I have recently finished translating _d_arraycatnTX() to a template. While cleaning up the code, I was unable to figure out why profile-gc also shows the new template hook in addition to its former output. This behaviour is consistent on all profile-gc tests in DRuntime. One example is this one, which I had to modify by adding the line with _d_arraycatnTX():


bytes allocated, allocations, type, function, file:line
            560	              3	int[] core.internal.array.concatenation._d_arraycatnTX!(int[], string, int, string, int[], int[])._d_arraycatnTX ../../src/core/internal/array/concatenation.d:42
            464	              1	immutable(char)[][int] D main src/profilegc.d:23
            160	              1	float[][] D main src/profilegc.d:18
            160	              1	int[][] D main src/profilegc.d:15
             64	              1	double[] profilegc.main src/profilegc.d:56
             48	              1	float[] D main src/profilegc.d:42
             48	              1	int[] D main src/profilegc.d:41
             32	              1	profilegc.main.C D main src/profilegc.d:12
             32	              1	void[] profilegc.main src/profilegc.d:55
             16	              1	char[] D main src/profilegc.d:34
             16	              1	char[] D main src/profilegc.d:36
             16	              1	closure profilegc.main.foo src/profilegc.d:45
             16	              1	float D main src/profilegc.d:16
             16	              1	float[] D main src/profilegc.d:17
             16	              1	int D main src/profilegc.d:13
             16	              1	int[] D main src/profilegc.d:14
             16	              1	int[] D main src/profilegc.d:22
             16	              1	int[] D main src/profilegc.d:37
             16	              1	wchar[] D main src/profilegc.d:35

My assumption is that the GC's profiling instrumentation is introduced in the semantic phase, before the new lowering, thus also taking the _d_arraycatnTX hook into account. If this is true, then the old lowering was not profiled because it took place in the glue layer, after the instrumentation had been introduced.
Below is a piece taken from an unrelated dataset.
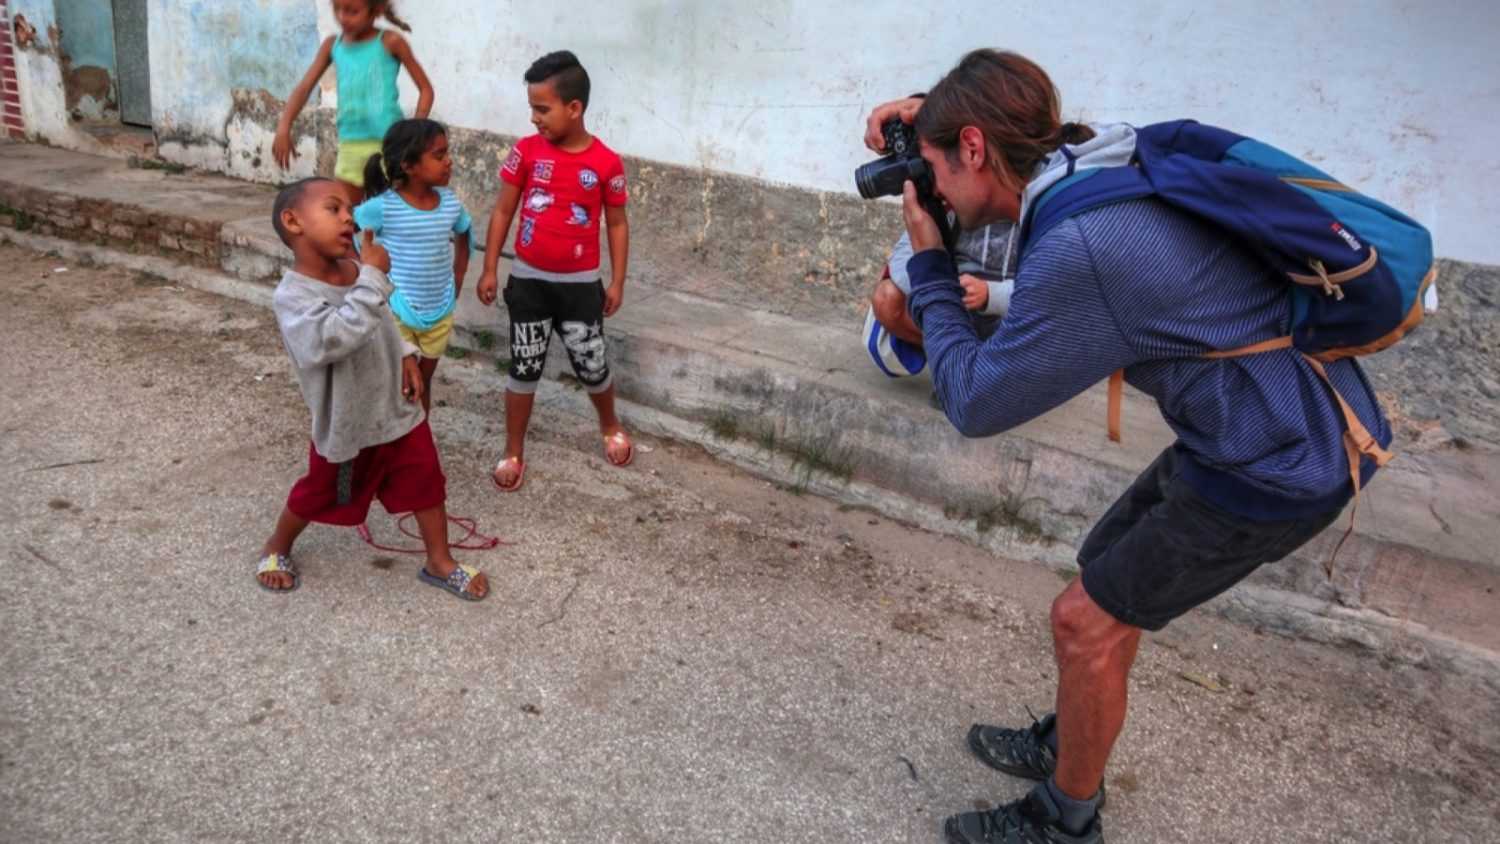 Traveler taking photo of poor kids

Regarding this, I have 3 questions that I don't know how to answer:

  1. Is my assumption above correct?
  2. Are those 560 bytes an issue that means the new lowering over-allocates 560 bytes? The value is the same regardless of platform and OS.
  3. Is it OK for the output to contain an "internal" function, such as a runtime hook?

What do you think?

Thanks,
Teo

November 29, 2022

On Monday, 28 November 2022 at 23:00:31 UTC, Teodor Dutu wrote:

>

Hi,

I have recently finished translating _d_arraycatnTX() to a template. While cleaning up the code, I was unable to figure out why profile-gc also shows the new template hook in addition to its former output. This behaviour is consistent on all profile-gc tests in DRuntime. One example is this one, which I had to modify by adding the line with _d_arraycatnTX():


bytes allocated, allocations, type, function, file:line
            560	              3	int[] core.internal.array.concatenation._d_arraycatnTX!(int[], string, int, string, int[], int[])._d_arraycatnTX ../../src/core/internal/array/concatenation.d:42
            464	              1	immutable(char)[][int] D main src/profilegc.d:23
            160	              1	float[][] D main src/profilegc.d:18
            160	              1	int[][] D main src/profilegc.d:15
             64	              1	double[] profilegc.main src/profilegc.d:56
             48	              1	float[] D main src/profilegc.d:42
             48	              1	int[] D main src/profilegc.d:41
             32	              1	profilegc.main.C D main src/profilegc.d:12
             32	              1	void[] profilegc.main src/profilegc.d:55
             16	              1	char[] D main src/profilegc.d:34
             16	              1	char[] D main src/profilegc.d:36
             16	              1	closure profilegc.main.foo src/profilegc.d:45
             16	              1	float D main src/profilegc.d:16
             16	              1	float[] D main src/profilegc.d:17
             16	              1	int D main src/profilegc.d:13
             16	              1	int[] D main src/profilegc.d:14
             16	              1	int[] D main src/profilegc.d:22
             16	              1	int[] D main src/profilegc.d:37
             16	              1	wchar[] D main src/profilegc.d:35

My assumption is that the GC's profiling instrumentation is introduced in the semantic phase, before the new lowering, thus also taking the _d_arraycatnTX hook into account. If this is true, then the old lowering was not profiled because it took place in the glue layer, after the instrumentation had been introduced.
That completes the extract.